1 Windhaven Ins. Co. v Advance Chiro & Medical Ctr, Corp., 22 Fla. L. Weekly Supp. 1015e (17th Judicial Circuit)

2See also Perez v. Bell South Telecommunications, Inc.138 So.3d 492 (Fla. 3rd DCA 2014) [39 Fla. L. Weekly D865b] (“expert testimony that might otherwise qualify as ‘pure opinion’ testimony is expressly prohibited”).

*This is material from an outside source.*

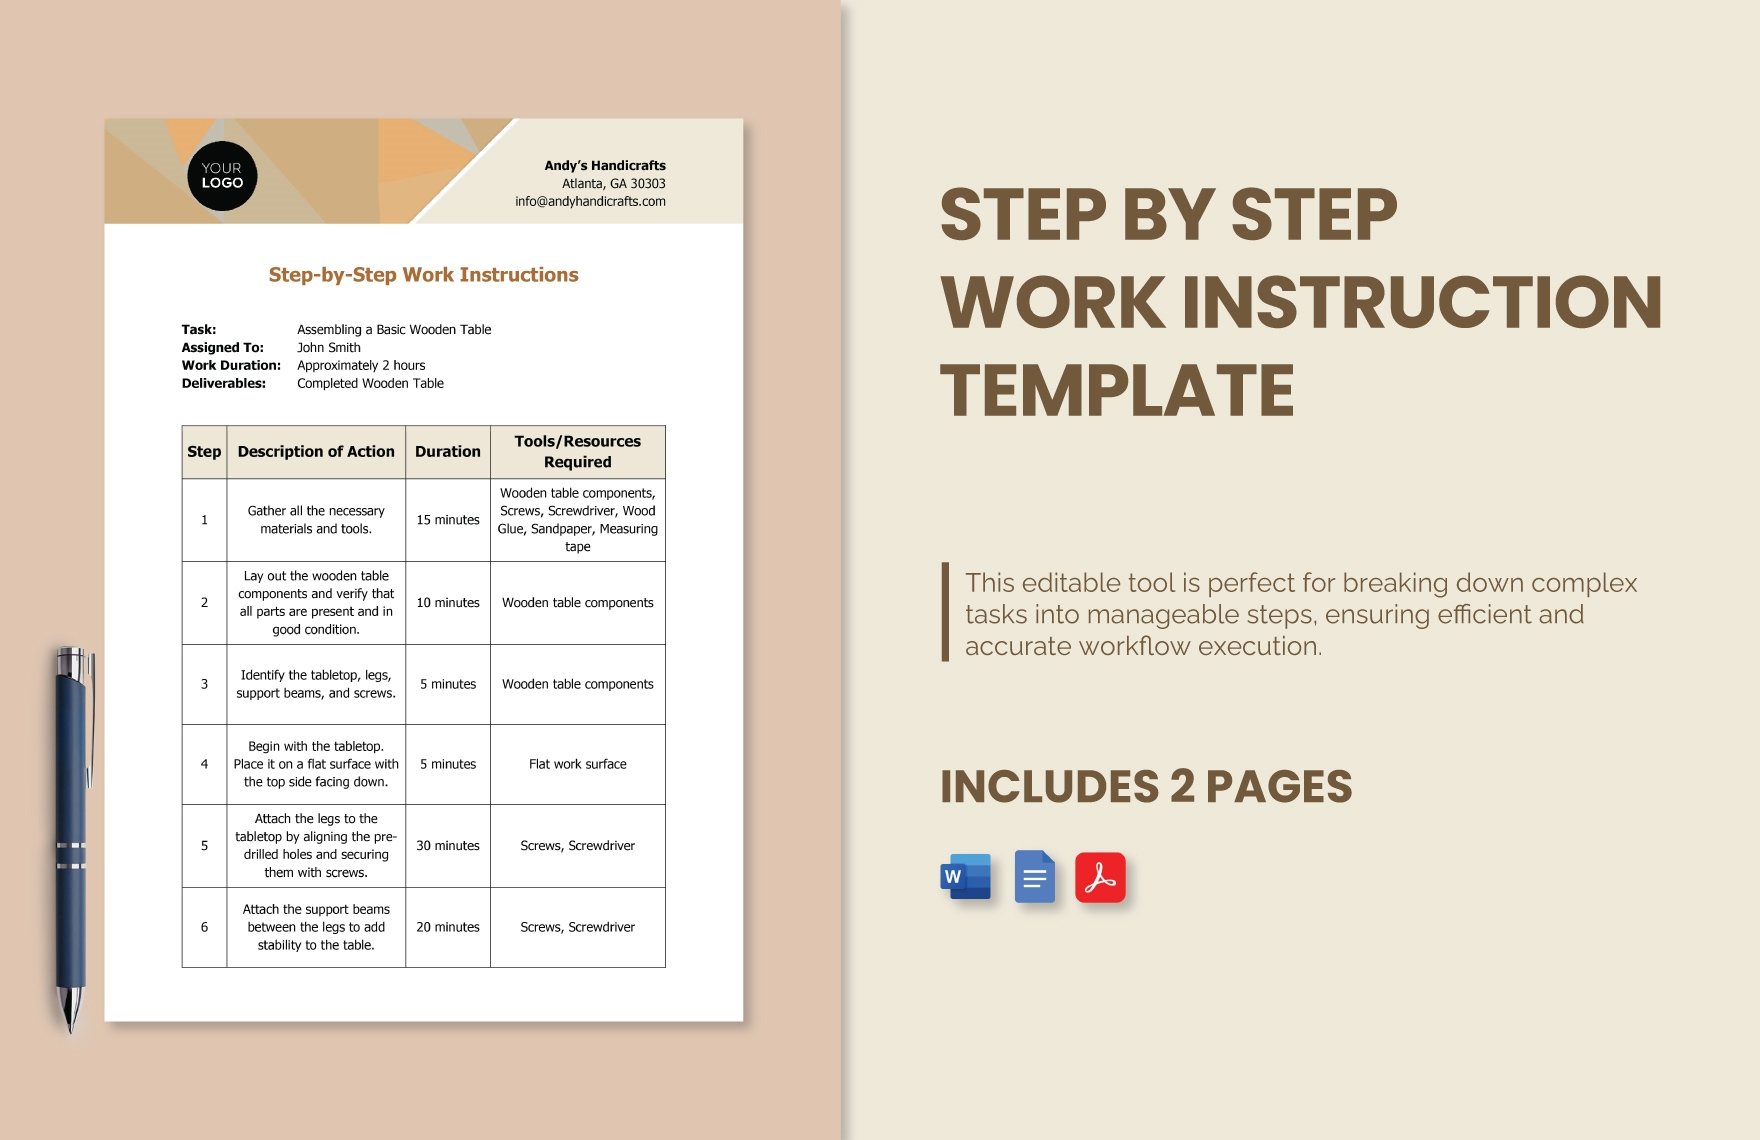 Step by Step Work Instruction Template

3See State Farm Mut. Auto. Ins. Co. v. Figler Family Chiropractic, P.A., No. 4D15-2716 (March 30, 2016) [41 Fla. L. Weekly D805b]. (The Court, in its appellate capacity, ruled that “just as the rule requires that the grounds for the motion be specifically identified, the rule also requires that the evidence in support of and in opposition to the motion be specifically identified, prior to the hearing.” See also Allison v United Auto. Ins. Co.24 Fla. L. Weekly Supp. 705a (September 29, 2016) holding that insurer failed to satisfy Rule 1.510(c)’s notice requirement of its intent to rely on affidavit in support of or in opposition to any motion for summary judgment.

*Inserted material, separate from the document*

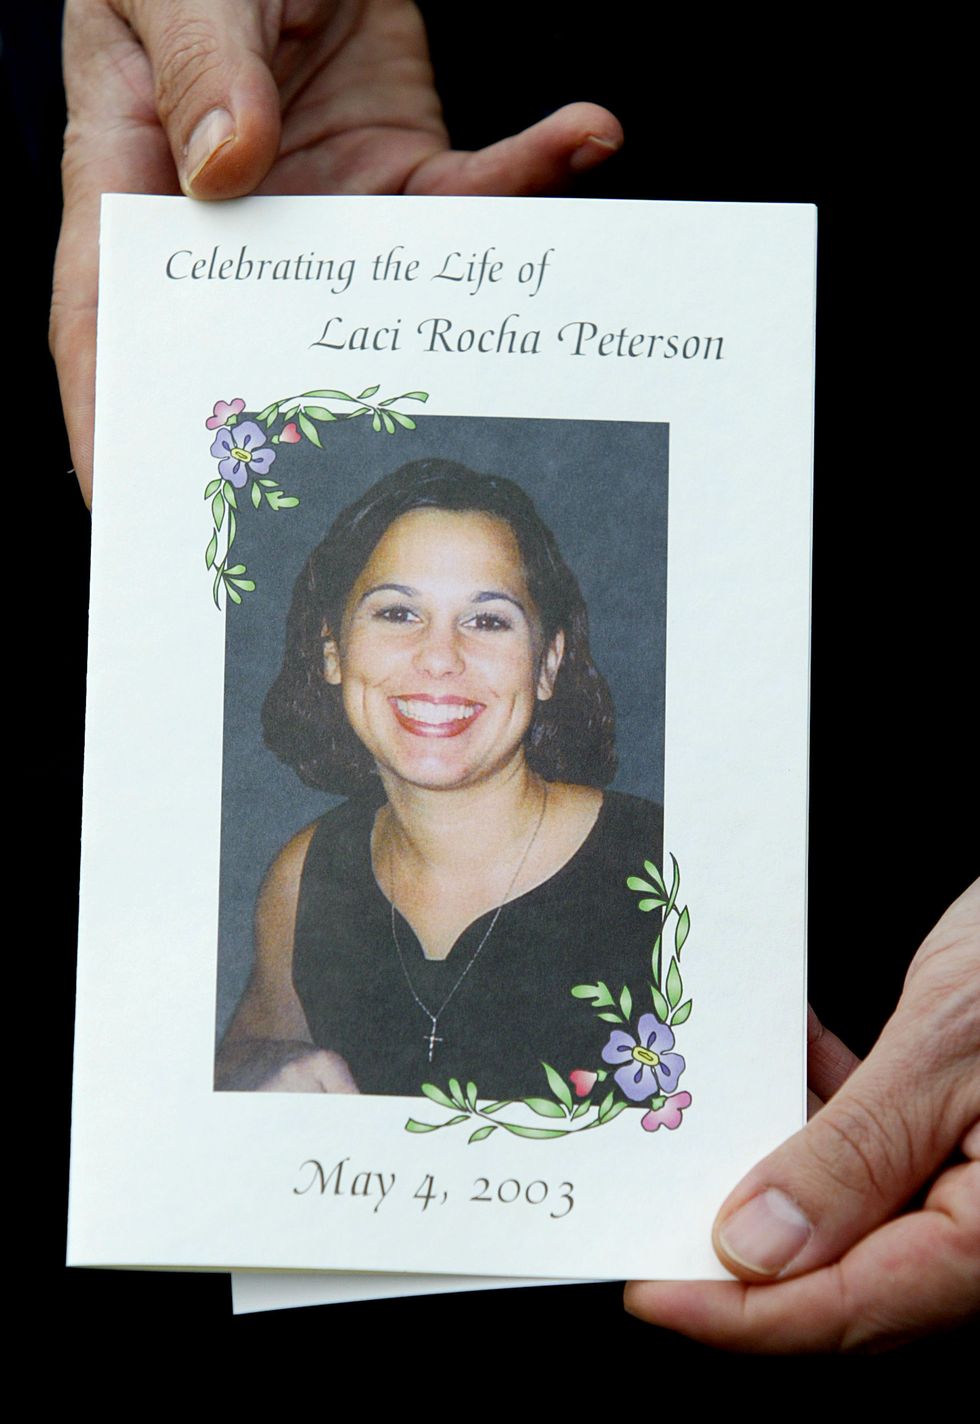 The program for the memorial service for Laci Peterson and her unborn son, Conner, held on May 4, 2003

4Medically Necessary as defined by Florida Statute §627.736 means a medical service or supply that a prudent physician would provide for the purpose of preventing, diagnosing, or treating an illness, injury, disease, or symptom in a manner that is in accordance with generally accepted standards of medical practice; clinically appropriate in terms of type, frequency, extent, site, and duration; and not primarily for the convenience of the patient, physician, or healthcare provider.

5Even if the Court was to entertain a claim of “deficient medical records”, said defense does not correlate to evidence of a lack of medical necessity or relatedness for the treatment billed. See Nob Hill Chiropractic a/k/a Michael J. Cohen DC PA (a/a/o Kenrick Grant) v. State Farm Mutual Automobile Insurance Co.21 Fla. L. Weekly Supp. 195a (Broward Cty. Ct. 2013; Priority Medical Centers, LLC (a/a/o Arlene Robinson-Rampone) v. State Farm Fire and Casualty Co.21 Fla. L. Weekly Supp. 201b (Broward Cty. Ct. 2013)

6The Plaintiff has filed the deposition of Dean Rogers in support of its motion, in which no mention was made as to the issues now being raised by Dr. Mathesie.